Automatic sealing and air charging device for hollow glass

Abstract

The utility model discloses automatic sealing and air charging device of hollow glass, including inert gas and glass body still include, exhaust port is located glass body upper end, air inlet is located glass body lower extreme, and the sealed cavity is formed between air inlet assembly and air inlet, and inert gas passes sealed cavity, air inlet and enters glass body, and air inlet assembly can block up air inlet. The utility model discloses beneficial effect is, and the sealed area will be formed between the setting of air inlet assembly and air inlet, and the sealing operation is carried out in this sealed area, even if there is time gap between the inflation completion and the blocking, but will not cause the leakage of inert gas.

Description

Technical Field

[0001] This utility model relates to the field of multi-layer glass inflation technology, and more specifically, to an automatic sealing and inflation device for insulating glass. Background Technology

[0002] In existing technologies, such as application number CN202222121082.8, the working method is as follows: "After inflation is completed, the air needle retracts, and finally the conveyor belt is controlled to move the insulating glass out of the working area, and the reserved hole and the vent hole are sealed a second time."

[0003] The time gap between the completion of inflation and the secondary sealing can cause leakage of inert gas inside the insulating glass, resulting in incomplete inflation and affecting the overall production quality. Utility Model Content

[0004] To address the above deficiencies, this utility model provides an automatic sealing and inflation device for insulating glass, thus solving the aforementioned problems.

[0005] To achieve the above objectives, the present invention adopts the following technical solution:

[0006] An automatic sealing and gas-filling device for insulating glass includes an inert gas and the glass body, and also includes;

[0007] The exhaust port is located at the upper end of the glass body;

[0008] The air intake is located at the lower end of the glass body;

[0009] The air intake assembly forms a sealed cavity with the air intake port. Inert gas enters the glass body through the sealed cavity and the air intake port. The air intake assembly can block the air intake port.
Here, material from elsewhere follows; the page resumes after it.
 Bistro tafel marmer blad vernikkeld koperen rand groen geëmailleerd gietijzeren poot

[0010] Furthermore, it also includes a bracket, with a support platform installed on one side of the bracket, a hydraulic rod installed on the support platform, a C-shaped frame installed at the telescopic end of the hydraulic rod, and support rods installed at both the upper and lower ends of the C-shaped frame.
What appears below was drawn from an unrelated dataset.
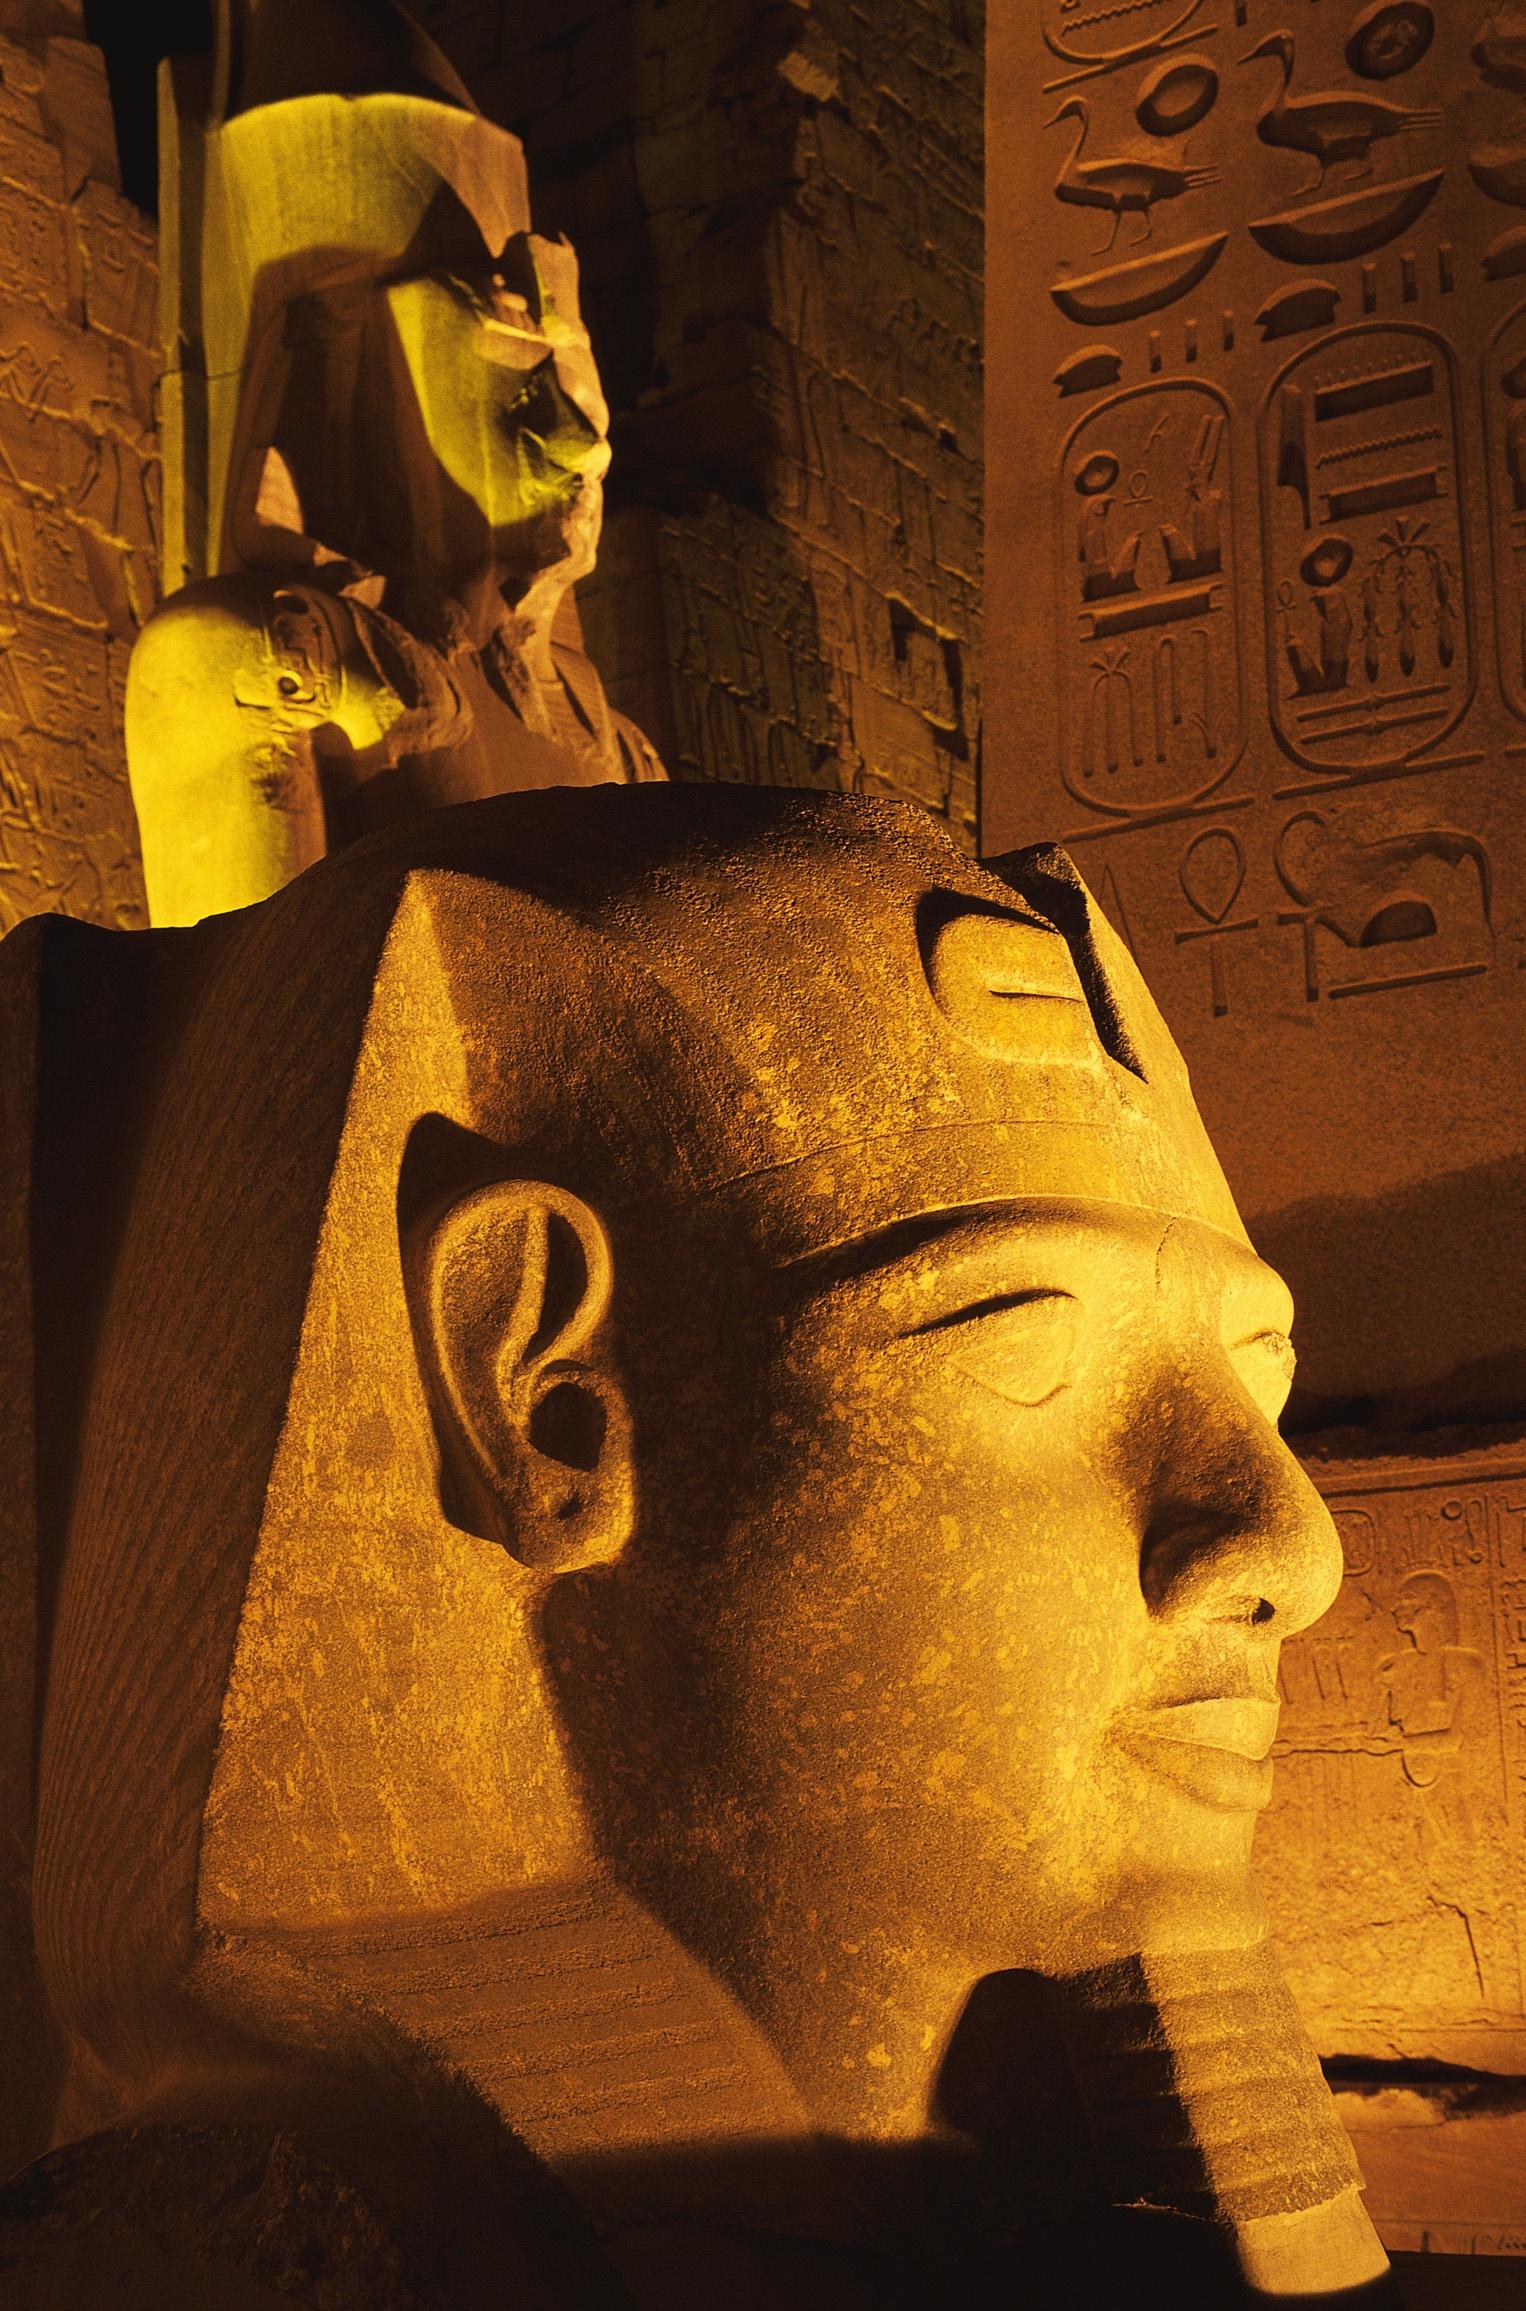 Egypt image 1.jpg

[0011] Furthermore, the air intake assembly is installed on the support rod. The air intake assembly includes an L-shaped plate with sealing plates on both sides. Airbag 1 is provided on the opposite surface of the sealing plates. Airbag 2 is provided at both ends of the L-shaped plate. Airbag 1 and airbag 2 are in a connected state. A pipe 1 is installed on airbag 2. High-pressure air inflates airbag 1 and airbag 2 through pipe 1, so that the L-shaped plate and the glass body form a sealed state.

[0012] A second tube is installed on the side wall of the L-shaped plate. Inert gas enters the glass body through the second tube, the sealed cavity, and the air inlet.

[0013] Furthermore, telescopic rods are installed at both the upper and lower ends of the L-shaped frame. Hollow rods are installed at the telescopic ends of the telescopic rods. The hollow rods are aligned with the exhaust port and the air inlet, respectively. The hollow rods pass through the L-shaped plate and are slidably and sealingly connected to the L-shaped plate. A tube is provided on one side of the hollow rod for the flow of adhesive.

[0014] Furthermore, the support is equipped with a conveyor belt, which has a pair of sections. The glass body is placed vertically on the conveyor belt, and the conveyor belt is equipped with limit blocks, so that the glass body can move horizontally while maintaining a vertical position.

[0015] The beneficial effects of this utility model are: by setting the air intake component, a sealed area is formed between it and the air intake port, and the sealing operation is carried out in this sealed area. Even if there is a time gap between the completion of inflation and sealing, it will not cause leakage of inert gas.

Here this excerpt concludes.